L’ultimo libro pubblicato è Non è mai notte non è mai giorno, uscito per Interno Poesia nel 2023.
Conosco Francesca Serragnoli da molti anni, ovvero da quando, giovanissima, lavorava come segretaria del Centro di Poesia Contemporanea dell’Università di Bologna. Ho seguito il suo percorso di autrice di poesia da subito, e da subito ho capito che in lei c’era qualcosa di più di un semplice desiderio di scrivere in versi. C’era il fuoco sacro della poesia, quello che illumina la mano e la mente e fa realizzare testi dalla profondità assoluta, innegabilmente autentici. Merita attenzione, forse anche di più che quella che le viene riservata, e che, dato il suo carattere schivo tende a evitare.

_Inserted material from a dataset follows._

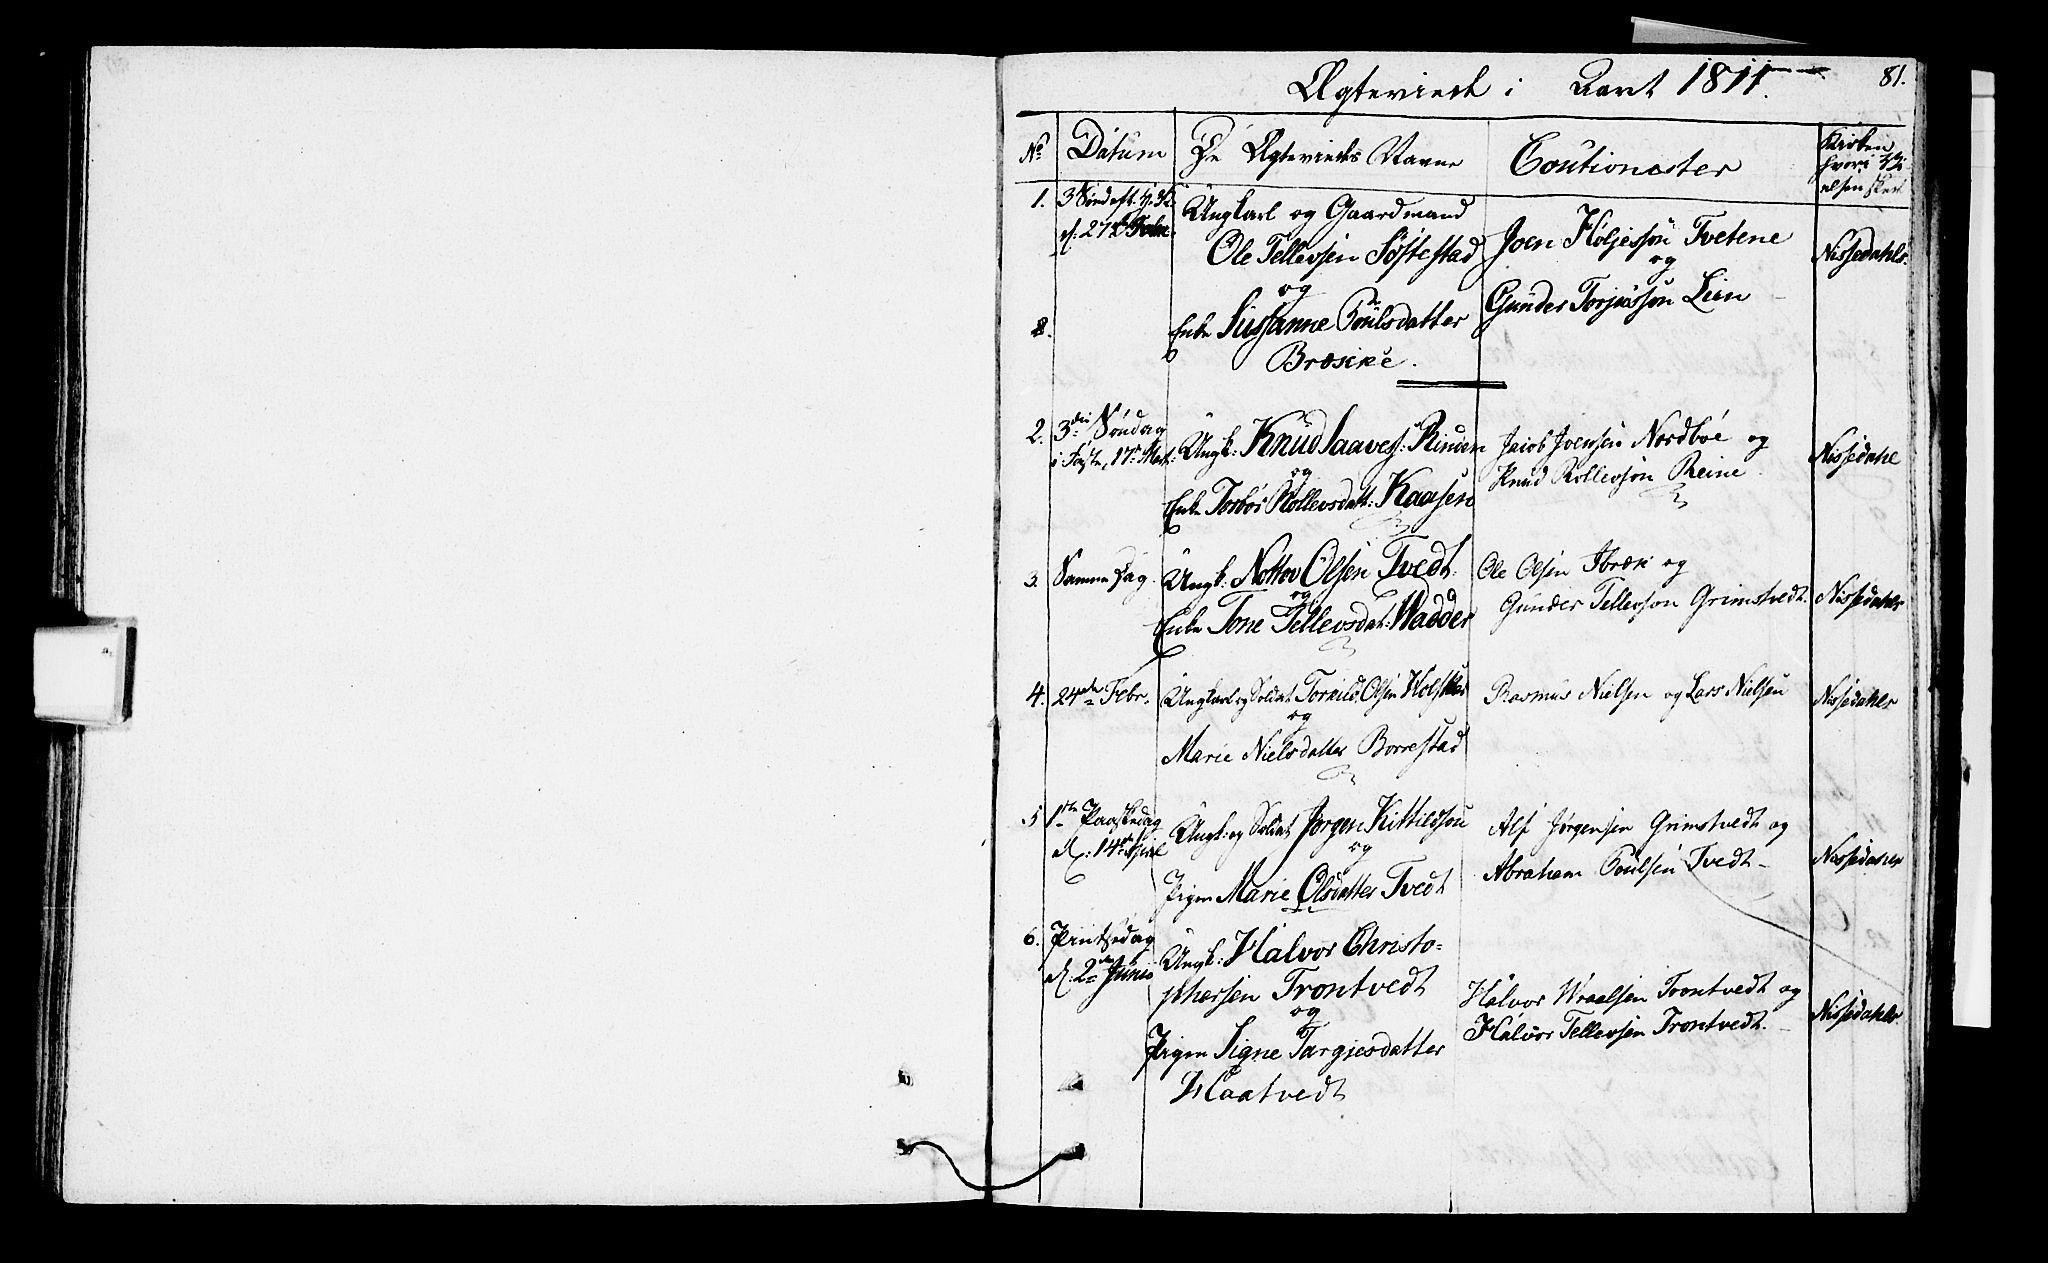 SAKO, Nissedal kirkebøker, F/Fa/L0001: Parish register (official) no. I 1, 1811-1814, p. 81

Francesca è stata ospite dell’appuntamento di marzo di Un thè con la poesia, a Bologna, insieme ad altre due autrici (Isabella Bignozzi e Francesca Del Moro) di cui troverete i relativi articoli di presentazione in questa rubrica:
https://altritaliani.net/poesia-isabella-bignozzi-e-la-sua-raccolta-memorie-fluviali/
https://altritaliani.net/francesca-del-moro-e-la-sua-raccolta-di-poesie-l/
Non è mai notte non è mai giorno
Il titolo di un libro, specie di un libro di poesie, offre sempre molti spunti di riflessione avendo il compito di indicare la strada che ha seguito l’autore, il compito non sempre esplicabile di riassumere la sua poetica. Non è mai notte non è mai giorno di Francesca Serragnoli detta, indubbiamente, una linea ben precisa partendo dal buio per arrivare alla luce, se pure in una doppia negazione temporale. La domanda che ci poniamo è lecita: perché non il contrario? Perché l’autrice non ha scelto Non è mai giorno non è mai notte per titolare il suo lavoro? Da qui partono tutti i ragionamenti che, se pure possono sforare in un’analisi critica minuziosa – cosa che, come dice Bignozzi nella prefazione al libro, potrebbe non essere necessaria, in quanto in Serragnoli “c’è qualcosa d’inafferrabile che pulsa nel verso”, “al di là delle analisi critiche più minuziose” – ci sembrano doverosi, più per rendere omaggio all’autrice e alla sua opera, che per motivi didascalici o puramente accademici.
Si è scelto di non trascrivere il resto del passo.